PPCM was defined as cardiomyopathy registered in the National Patient Register or Causes of Death Register (ICD-8: 425.99; ICD-10: I42.0–43.8, O90.3) in the peripartum period, defined as the 6-month period beginning 1 month before delivery and ending 5 months postpartum [23,24], without registration of cardiomyopathy prior to the pregnancy. In Denmark, cardiomyopathies are diagnosed according to the European Society of Cardiology’s position paper on cardiomyopathy [25] and guidelines on heart failure [26]; since the mid-1990s, echocardiography or magnetic resonance imaging have been required to confirm a cardiomyopathy diagnosis. A PPCM diagnosis requires a left ventricular ejection fraction <45% and an absence of pre-existing (pre-pregnancy) dilated cardiomyopathy or other conditions that could produce similar structural changes in the heart (e.g. thyrotoxicosis), as per the European Society of Cardiology position paper on PPCM [1].
Since PPCM might also have been coded as heart failure, we also identified women with heart failure in the peripartum period (PPHF) (ICD-8: 427.09–427.19, 427.99, 428.99, 782.49; ICD-10: I50.0–50.9) for a separate, parallel analysis. As with the cardiomyopathies, heart failure in Denmark is diagnosed according to European Society of Cardiology guidelines [26] and requires a left ventricular ejection fraction <45%, as measured by echocardiography or magnetic resonance imaging.
Covariates
Parity (1, 2, ≥3 live births or stillbirths), maternal age at delivery (<25, 25–29, 30–34, ≥35 years), year of delivery (5-year intervals), multiple gestation (yes/no), first-trimester smoking (yes/no) and pre-pregnancy body mass index (BMI, <25, 25–29, 30–34, ≥35), all available from the Medical Birth Register, were considered as potential confounders of the association between HDP and PPCM. We also considered the impact on our results of incident diabetes (ICD-8 codes 249.00–250.09 and ICD-10 codes E10.0–14.9 registered in the National Patient Register) and hypertension (≥2 filled prescriptions for anti-hypertensive medication [Anatomic Therapeutic Chemical codes C02, 03, 07–09] registered in the National Prescription Register [27] within 6 months in a previous non-user) that developed between pregnancies.
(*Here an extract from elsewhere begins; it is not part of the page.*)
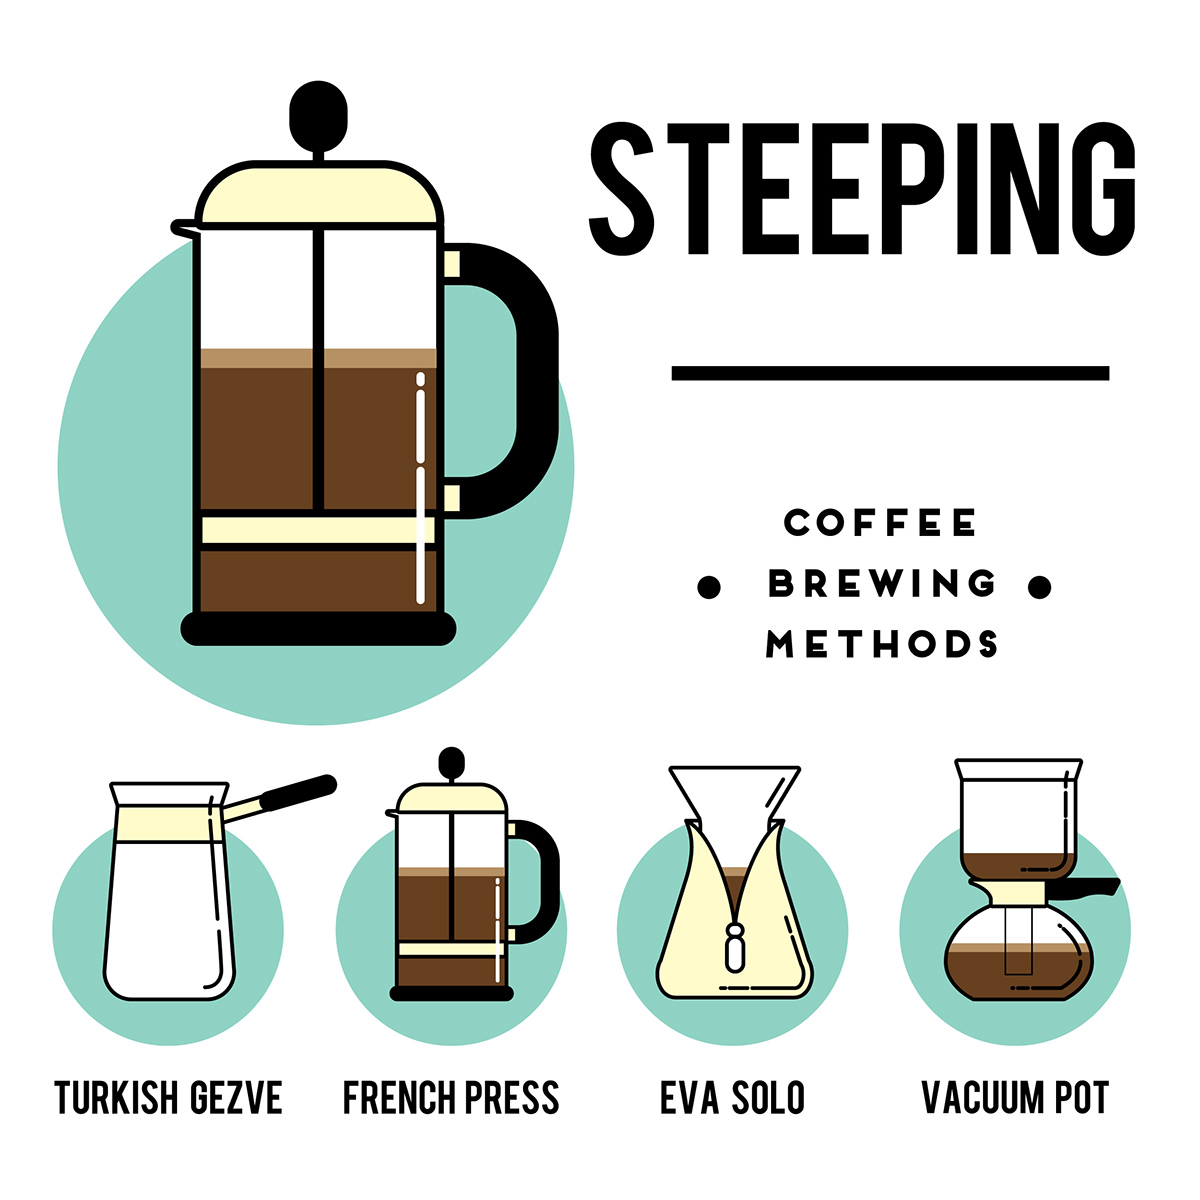 5 Basic Coffee Brewing Methods - The GentleManual
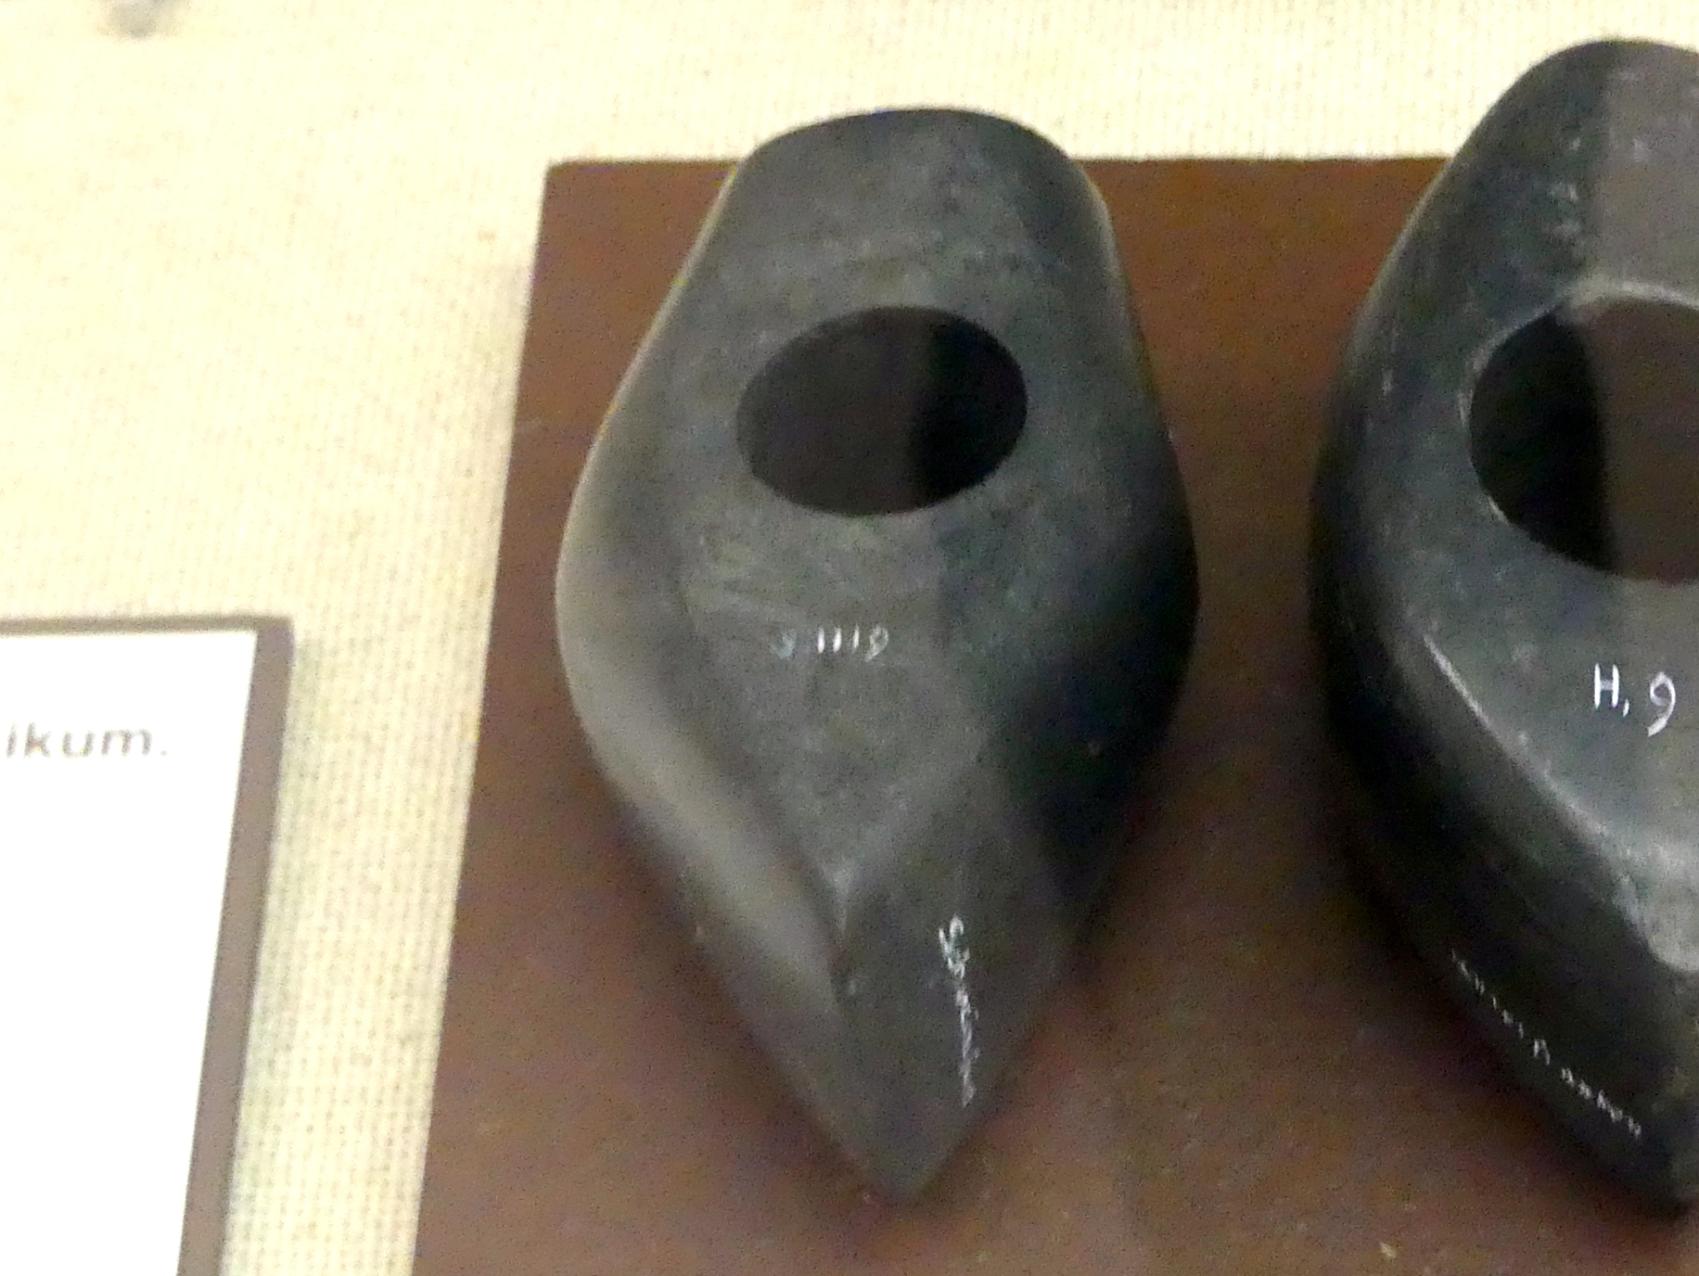 Hammeraxt, Endneolithikum, 2800 - 1700 v. Chr., Bild 1/2

Information on parity, maternal age, delivery year, multiple gestation, and diabetes was available for the entire study period; information on smoking, BMI, and anti-hypertensive medication use was available from 1991, 2004 and 1994, respectively.
Statistical analyses
We used log-linear binomial regression with generalized estimating equations to estimate risk ratios (RRs) for the association between HDP and PPCM in the same pregnancy while accounting for potential within-woman correlations in women contributing more than one pregnancy. All RRs were adjusted for parity, maternal age, delivery year, and multiple gestation. We additionally adjusted for smoking and BMI in sub-cohorts of women with pregnancies in or after 1991 and 2004, respectively. Furthermore, we examined the effect of excluding pregnancies occurring after diabetes and hypertension registered after the first pregnancy in the study period, in the full cohort and a sub-cohort of women with pregnancies in or after 1995, respectively. Analyses were performed using SAS statistical software, version 9.4 (SAS Institute, Inc., Cary, N.C.).
Ethics
Studies based solely on data from the Danish national registers do not require approval from the Danish research bioethics committees, as study participants are never contacted, and consent is not required for the use of register information. The study’s use of register data was covered by the approval extended by the Danish Data Protection Agency to all register-based studies conducted by Statens Serum Institut (approval no. 2015-57-0102).
Results
The cohort included 1,088,063 million women with 2,078,822 eligible pregnancies in the study period, of which 76,808 (3.7%) were HDP-affected. In this cohort, 126 women were diagnosed with PPCM, 39 (31.0%) in connection with an HDP-complicated pregnancy and 87 in connection with a normotensive pregnancy. Most PPCMs were diagnosed in the last month of pregnancy or the first month postpartum, both in women with (n = 32, 82.1%) and without (n = 71, 81.6%) HDP in the affected pregnancy.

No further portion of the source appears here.